EKBIS.CO, JAKARTA -- Perlambatan ekonomi masih terjadi hingga kini. Nilai tukar rupiah bahkan sempat menyentuh angka Rp 14.700 pada Senin (28/9). Kondisi ini tak pelak berdampak pada sektor pertambangan yang sebelumnya lesu terlebih dahulu akibat larangan ekspor bauksit sejak diberlakukannya Peraturan Menteri nomor 1 tahun 2014 sejak 12 Januari 2014 lalu.
Asosiasi Pengusaha Bauksit dan Bijih Besi Indonesia (APB3I) mencatat, hingga saat ini setidaknya sudah ada 40 ribu pekerja aktif di sektor pertambangan bauksit yang terkena pemutusan hubungan kerja.
Ketua Umum APB3I sekaligus Direktur Utama PT Harita Prima Abadi Erry Sofyan menilai alternatif penyelamat ekonomi nasional adalah dengan memompa kinerja ekspor, salah satunya dengan membuka keran ekspor bauksit.

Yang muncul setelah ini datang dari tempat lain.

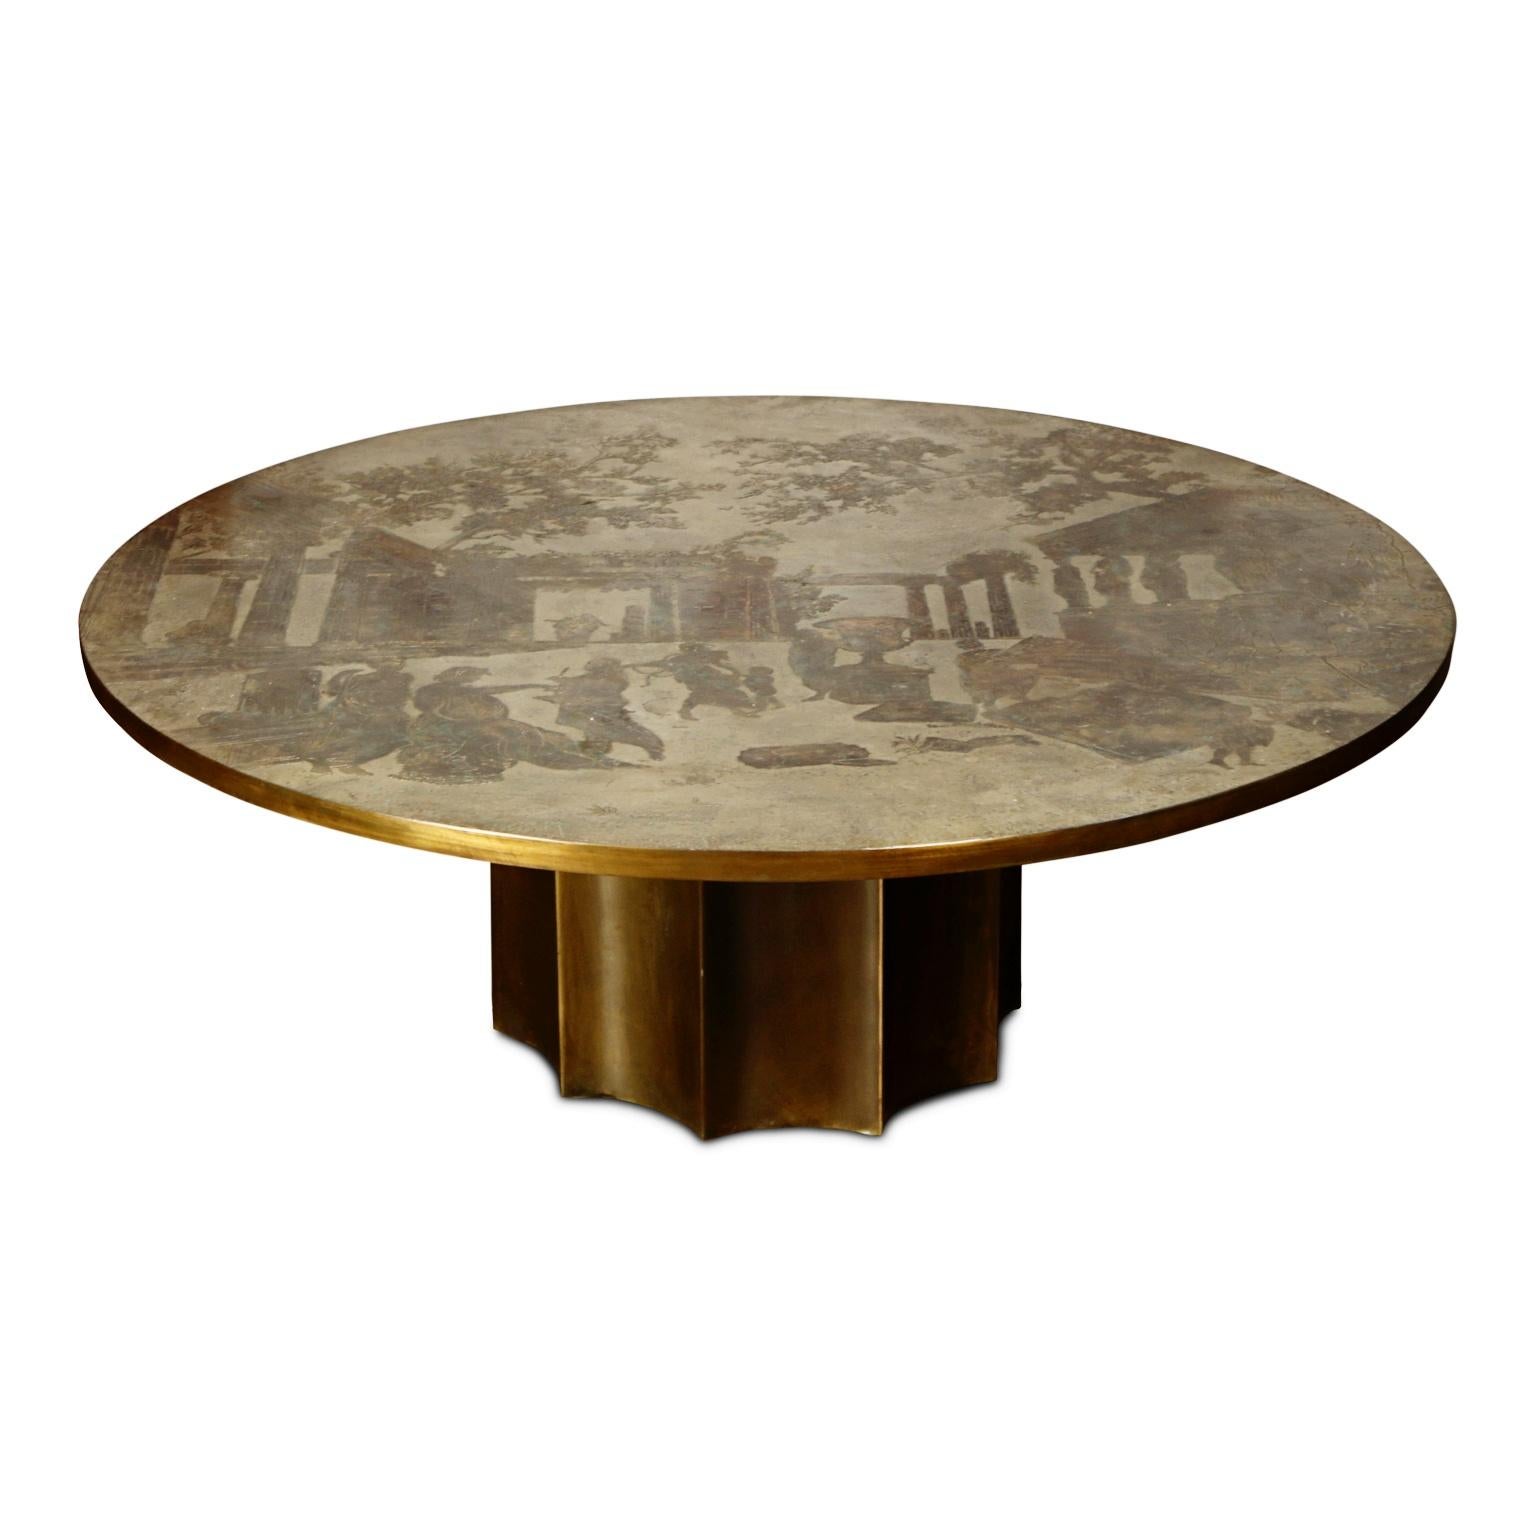 This is a rare and large 47.25 inch Odyssey cocktail table by father and son team, Philip and Kelvin LaVerne, produced in the 1960s. Ingeniously designed with acid etching and patinated polychrome bronze and pewter, this circular coffee table
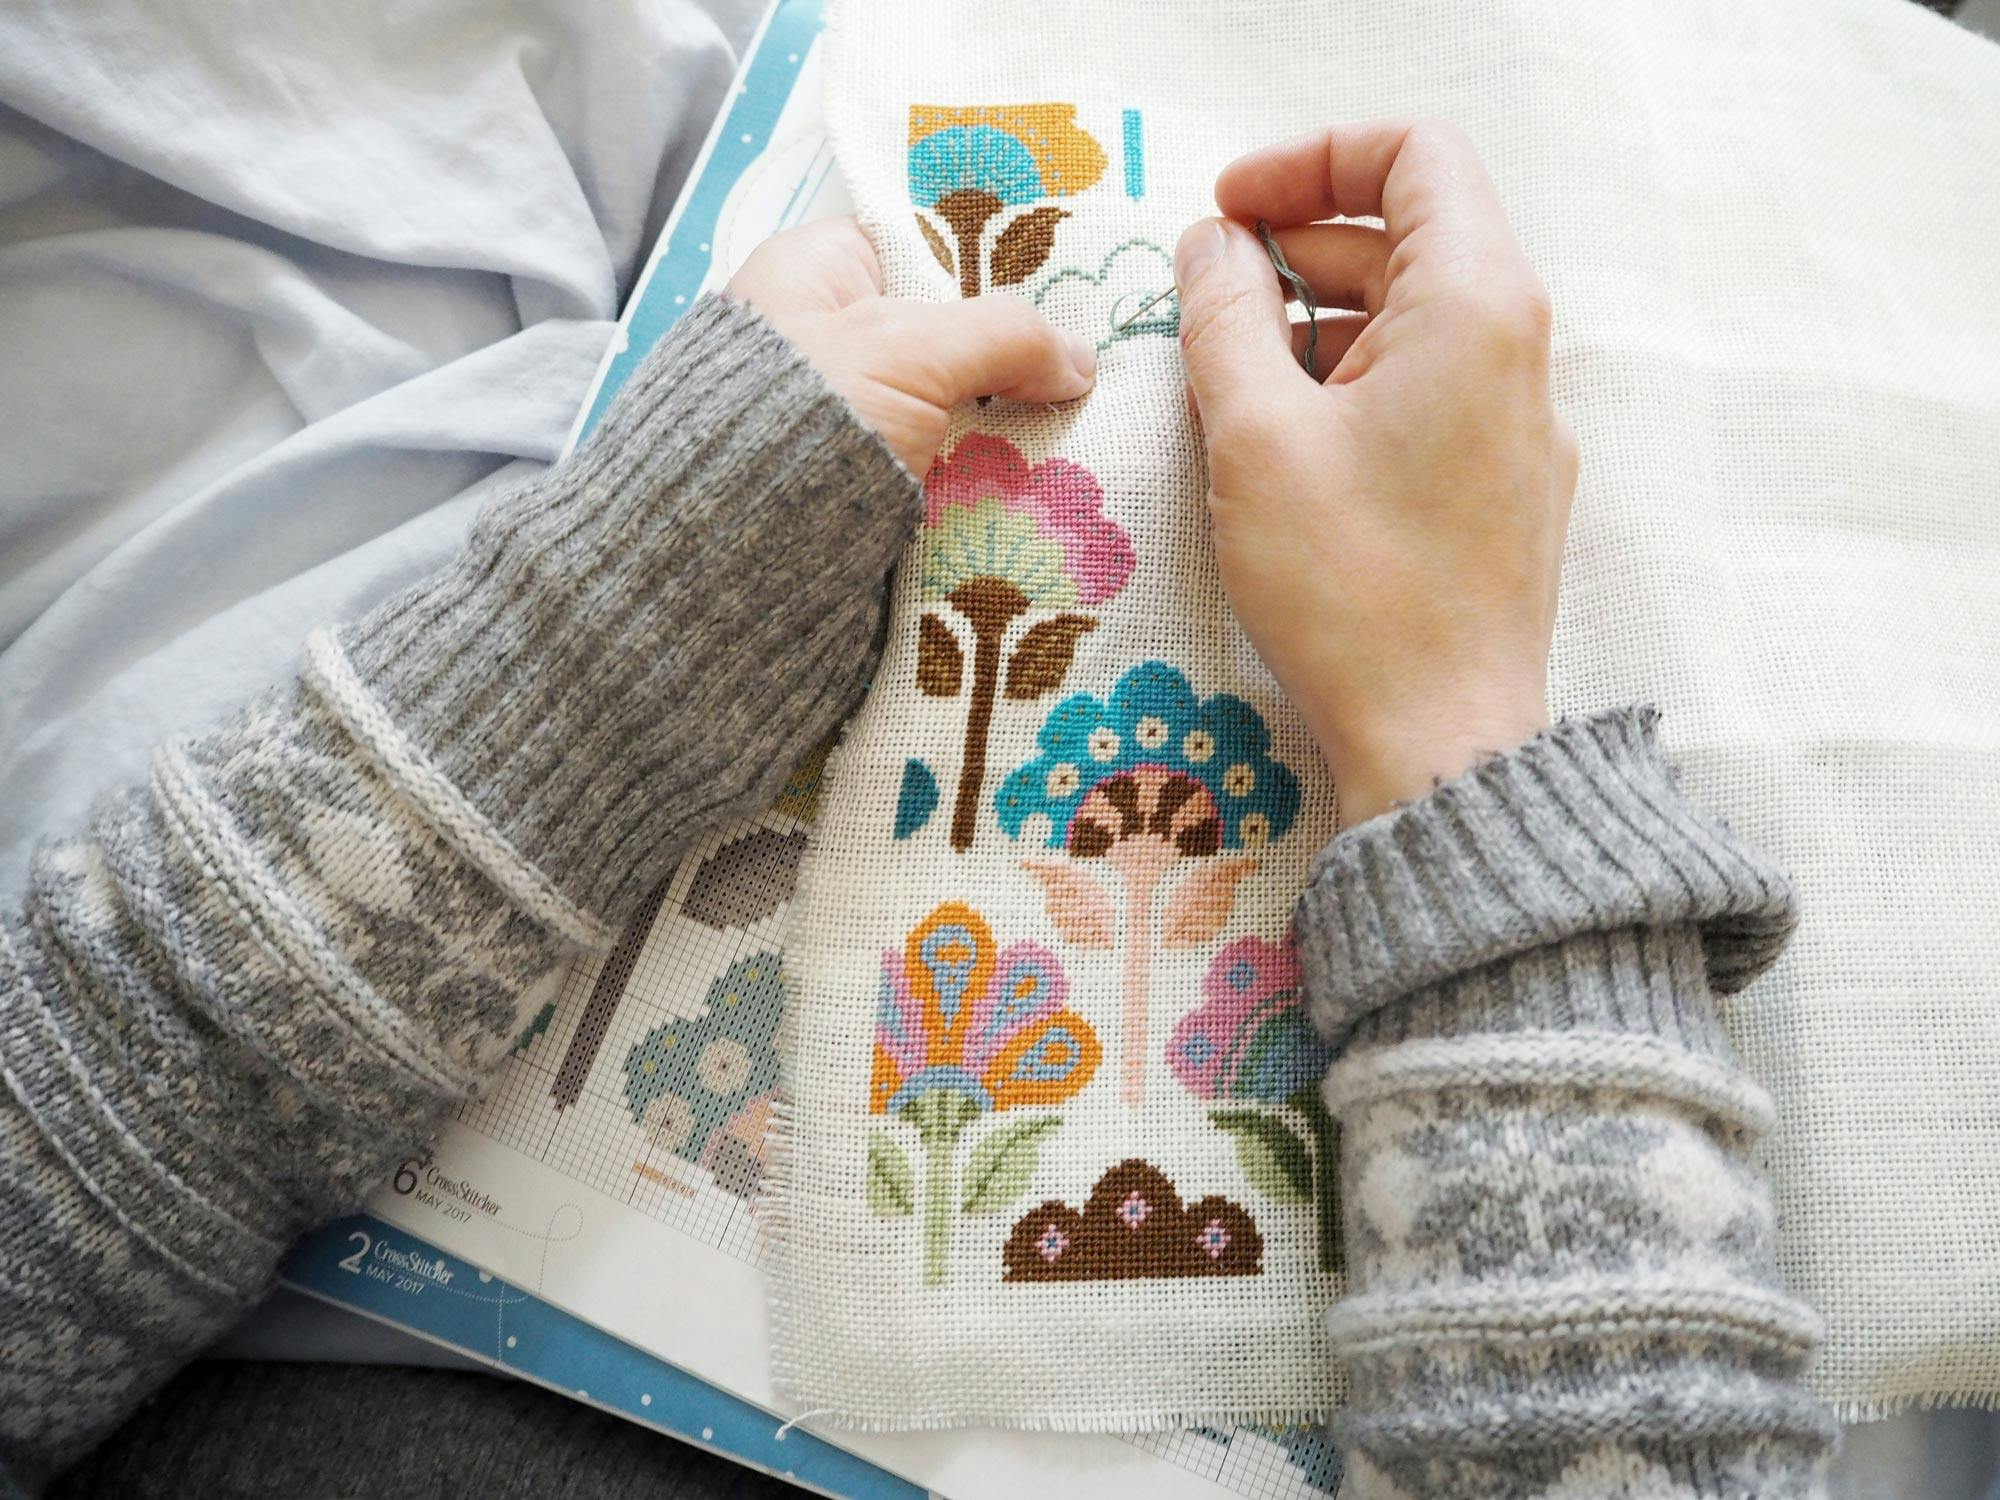  crafting flowers with hand embroidery

Erry menambahkan, keran ekspor yang dibuka kembali dipercaya bisa memberikan kontribusi terhadap penerimaan negara berupa devisa sebesar 1,6 - 2 miliar dolar AS serta pajak dan PNBP sebesar 480 juta dolar AS. Angka ini didapat apabila kuota yang dibuka kembali adalah 40 sampai 50 juta ton bauksit per tahunnya.
Selain itu, beroperasinya kembali penambangan bauksit akan membangkitkan kembali lapangan kerja sebanyak 40 ribu orang, serta mampu menggerakan kembali perekonomian daerah dan masyarakat sekitar pertambangan.
"Lebih besar manfaatnya bagi bangsa karena jangan dilihat dari sisi pengusaha. Karena pengusaha kan rakyat juga. Efek domino luar biasa. Karena begitu tambang berjalan kegiatan ekonomi dan usaha di lokasi tambang akan langsung hidup," ujar Erry, Selasa (29/9).